Here is the example from Chapter 5. Maybe someone has a different edition of the textbook.
Let $f: \mathbb{R}^{2} \to \mathbb{R}^{3}$ and $g: \mathbb{R}^{3} \to \mathbb{R}$ be defined by $f = (x,y,z)$ and $g = w$ where $$w = w(x,y,z) = xy + yz + xz$$ and $$x = x(s,t) = st, \quad y = y(s,t) = s\cos{t} \quad z = z(s,t) = s\sin{t}.$$
a.) Find the matrices that represent the linear transformations $(\mathrm{D}f)_{p}$ and $(\mathrm{D}g)_{q}$ where $p = (s_{\circ}, t_{\circ}) = (0,1)$ and $q = f(p)$.
b.) Use the Chain Rule to calculate the $1 \times 2$ matrix $[\partial{w}/\partial{s}, \partial{w}/\partial{t}]$ that represents $(\mathrm{D}(g\circ{f}))_{p}$.
c.) Substitute the functions $x = x(s,t)$, $y = y(s,t)$, and $z = z(s,t)$ directly into $w = w(x,y,z)$ in order to get $[\partial{w}/\partial{s}, \partial{w}/\partial{t}]$, verifying the answer in Part b.).

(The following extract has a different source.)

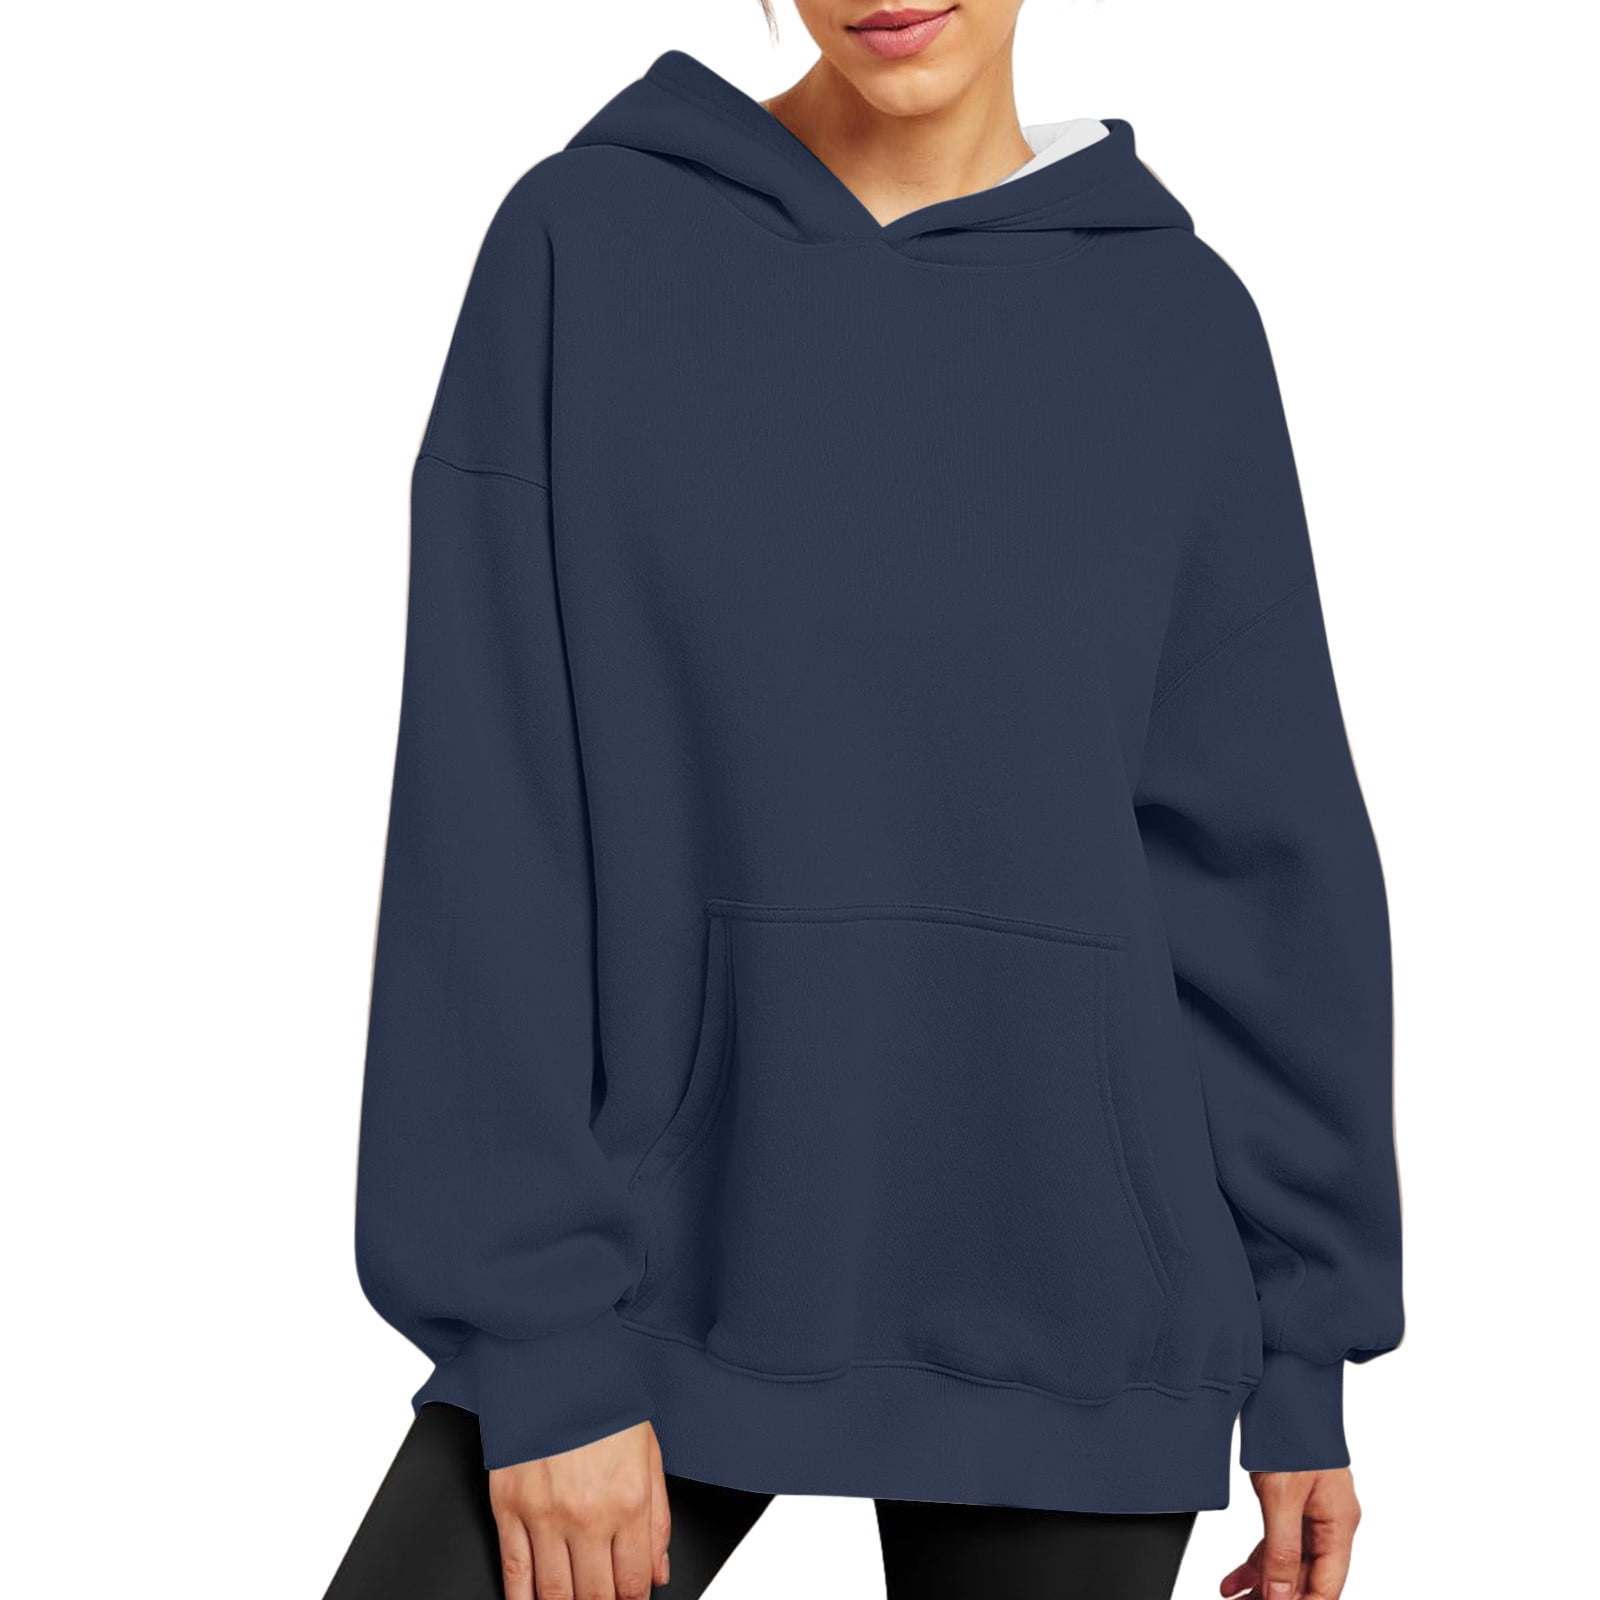 Ersazi Cropped Sweatshirts for Women Women's Fashion Solid Lace Off Shoulder Short Sleeve Casual Loose Top on Clearance Dark Gray Oversized Sweatshirt

This gets a bit messy but we have the following... $$f:\mathbb{R}^2\rightarrow\mathbb{R}^3$$ $$f(s,t)=(x,y,z)=(st, s\cos(t), s\sin(t))$$
So the matrix which represents the total derivative of our map $f$ at the point $p=(s,t)$ would be...
$$(Df)_{(s,t)}=\begin{bmatrix} t &s \\ \cos(t)& -s\sin(t) \\ \sin(t)& s\cos(t) \end{bmatrix}$$
Additionally, we have the map; $$w:\mathbb{R}^3\rightarrow\mathbb{R}$$ $$w(x,y,z)=xy+yz+xz$$
Which yields;
$$(Dw)_{f(p)}=\begin{bmatrix} (y+z)& (x+z)& (y+x) \end{bmatrix}$$
So, by the chain rule, our map $D(w\circ f)_p$ would give us;
$$D(w\circ f)_p=D(w)_{f(p)}\circ D(f)_p=\begin{bmatrix} (y+z)& (x+z)& (y+x) \end{bmatrix}\begin{bmatrix} t &s \\ \cos(t)& -s\sin(t) \\ \sin(t)& s\cos(t) \end{bmatrix}$$
Letting $(s,t)=(1,0)$ gives us;
$$\begin{bmatrix} 1& 0& 1 \end{bmatrix}\begin{bmatrix} 0 &1 \\ 1& 0 \\ 0& 1 \end{bmatrix} = \begin{bmatrix} 0& 2 \end{bmatrix} $$
I'll leave it to you to confirm that;
$$\begin{bmatrix} \frac{\partial\omega}{\partial s}& \frac{\partial\omega}{\partial t} \end{bmatrix}_{(1,0)}$$
gives the same result.